Recalling the Mandate
¶32 A “mandate” is the written notification from the clerk of an appellate court to the trial court and parties terminating review. RAP 12.5(a). This court may recall a mandate within a “reasonable time” if necessary to correct an inadvertent mistake, or remedy a fraud of a party or counsel, or to determine if the trial court has complied with our earlier decision in the same case. RAP 12.9(a)-(c); Shumway v. Payne, 136 Wash.2d 383, 393, 964 P.2d 349 (1998) (1,000-day delay not reasonable). We may not recall a mandate for the purpose of reexamining the case on its merits. Shumway, 136 Wash.2d at 393, 964 P.2d 349; Kosten v. Fleming, 17 Wash.2d 500, 505, 136 P.2d 449 (1943) (“ ‘[A]n appellate court is without power to recall a mandate regularly issued without inadvertence, fraud, prematurity, or misapprehension, and ... it will not recall the mandate for the purpose of re-examining the cause on the merits, for the purpose of granting supplemental relief.’ ” (quoting 5 C.J.S. Appeal and Error § 1996 (1937))). The mechanism for reexamining a case on the merits is to grant reconsideration. RAP 12.4; 3 ELIZABETH A. TURNER, WASHINGTON PRACTICE: RULES PRACTICE RAP 12.4 author’s comments at 175 (9th ed. 2022) (“[A] motion for reconsideration seeks to persuade the court to change its decision on the merits.”). Rules governing reconsideration provide a brief time period to seek such relief. RAP 12.4(b) (a motion for reconsideration must be filed within 20 days after the decision to be reconsidered is filed in the appellate court).
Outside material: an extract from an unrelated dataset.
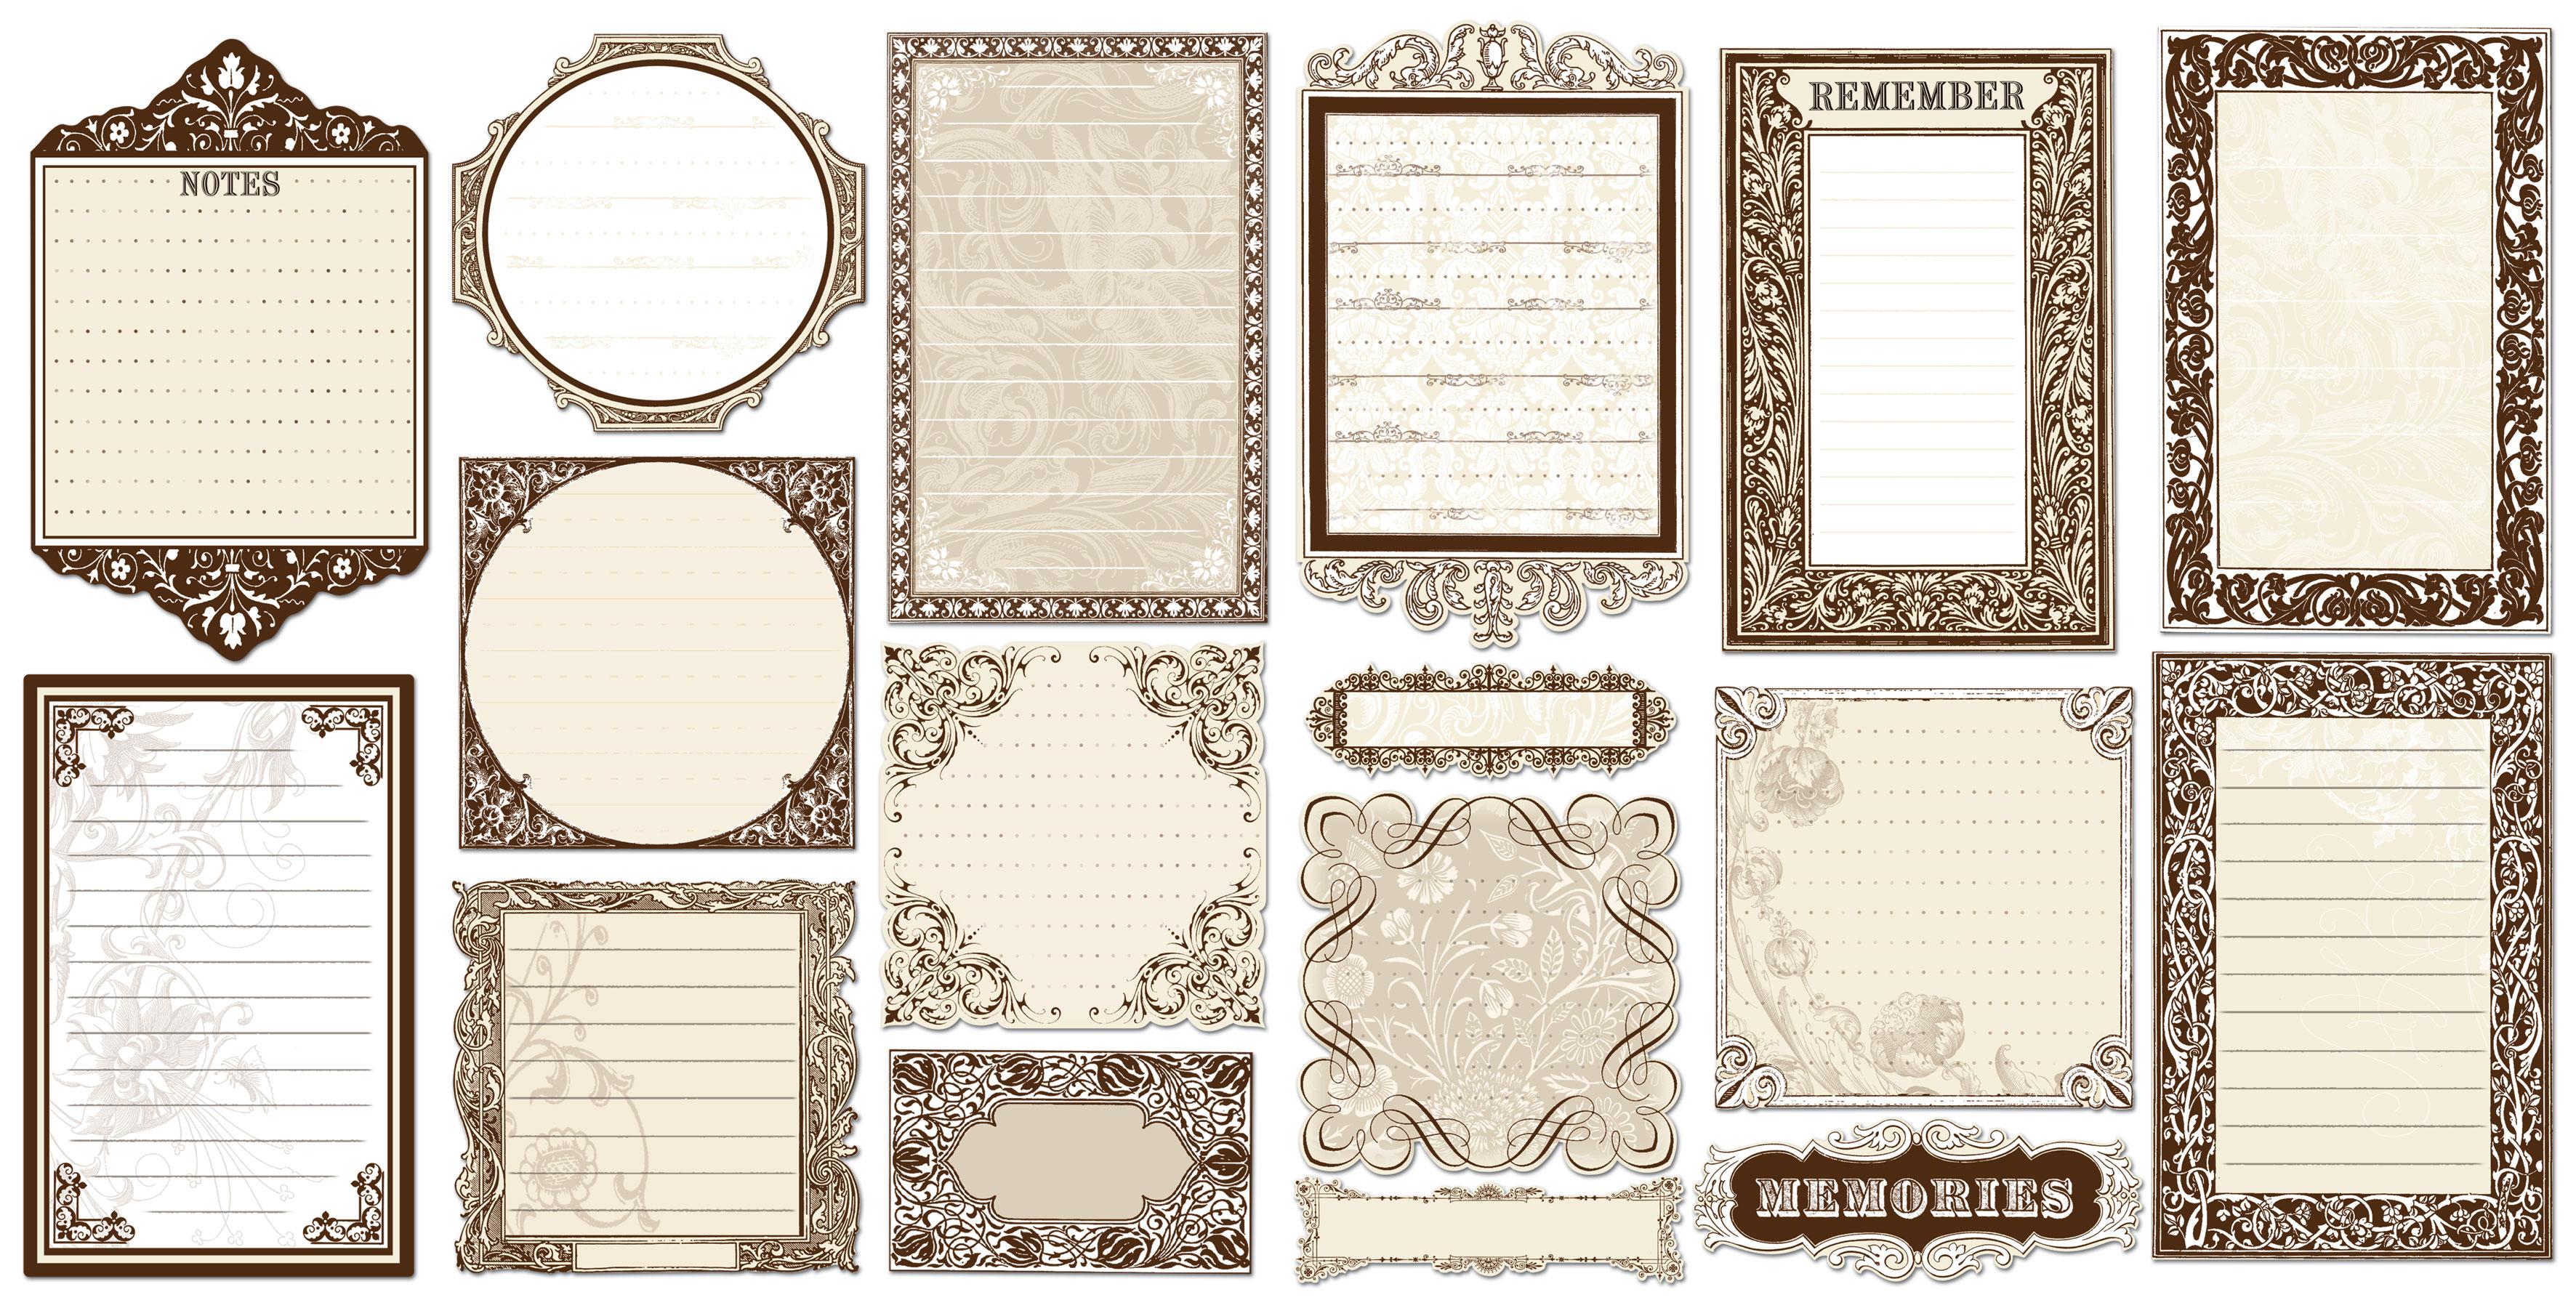 Журналинг к открыткам, открытки

¶33 The majority has no concerns with recalling the mandate and revisiting this case, noting we also have the responsibility to strike down precedent that is incorrect and harmful. Majority at ––––; Lunsford, 166 Wash.2d at 278, 208 P.3d 1092. Our appellate rules and the precedent interpreting them are not equivocal, however. We are precluded from recalling a mandate to reexamine a cause on the merits for the purpose of granting supplemental relief. Kosten, 17 Wash.2d at 505, 136 P.2d 449.
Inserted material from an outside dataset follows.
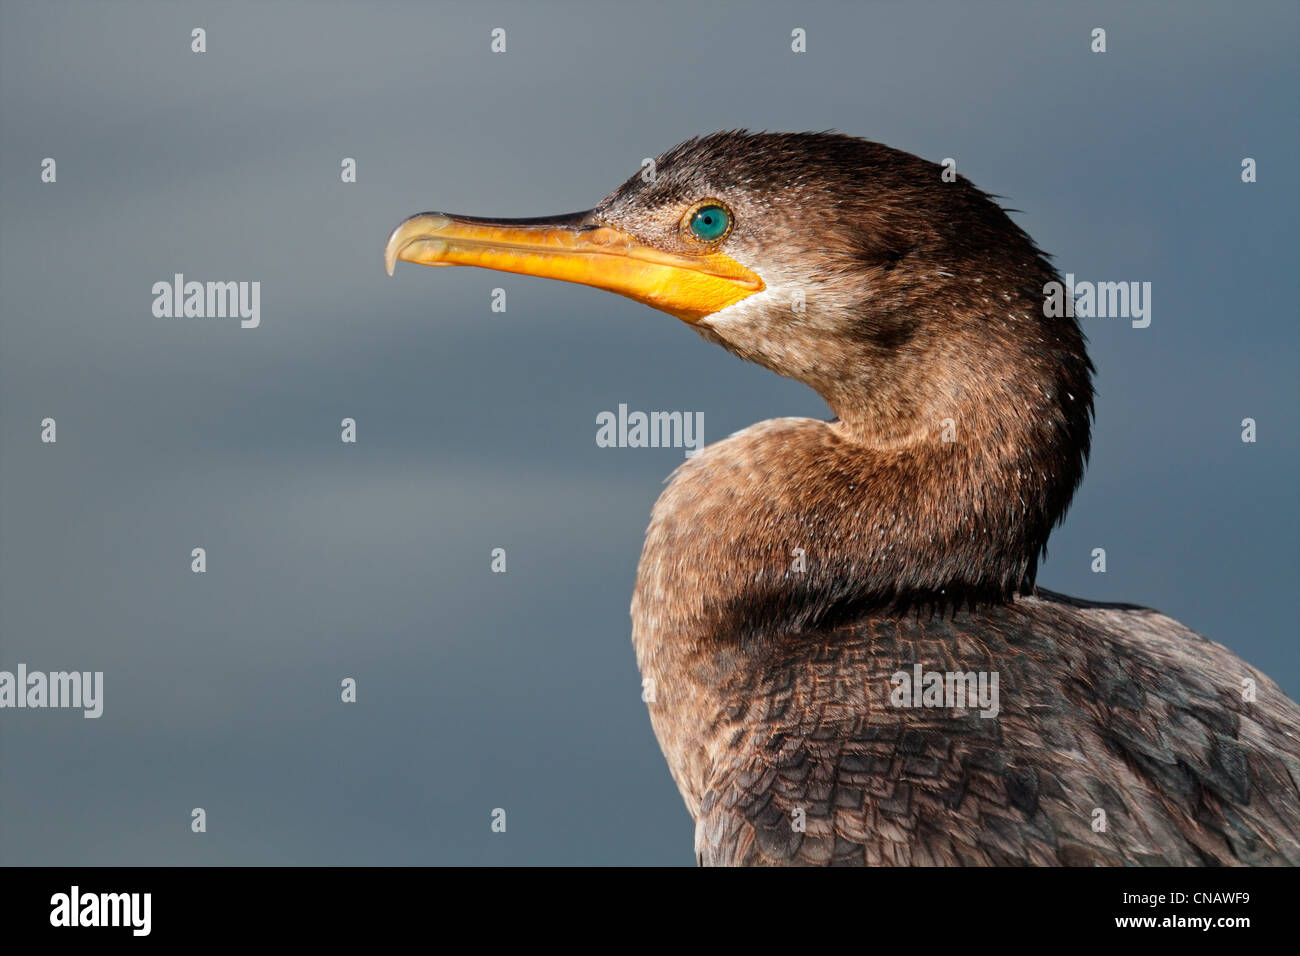 Portrait of a Neotropic cormorant (Phalacrocorax brasilianus), South America - Stock Image

¶34 As to our duty to overturn incorrect precedent, I agree with the majority that Wallahee is wrong on the law. Majority at ––––. A decision may be “harmful” for many reasons. See State v. Barber, 170 Wash.2d 854, 865, 248 P.3d 494 (2011) (tracing cases finding precedent harmful due to its “detrimental impact on the public interest”); State v. Blake, 197 Wash.2d 170, 208, 481 P.3d 521 (2021) (Stephens, J., concurring in part, dissenting in part) (past drug possession decisions created a constitutional harm that has disproportionately affected marginalized groups). However, whether a decision should be overruled is decided within the context of a live controversy.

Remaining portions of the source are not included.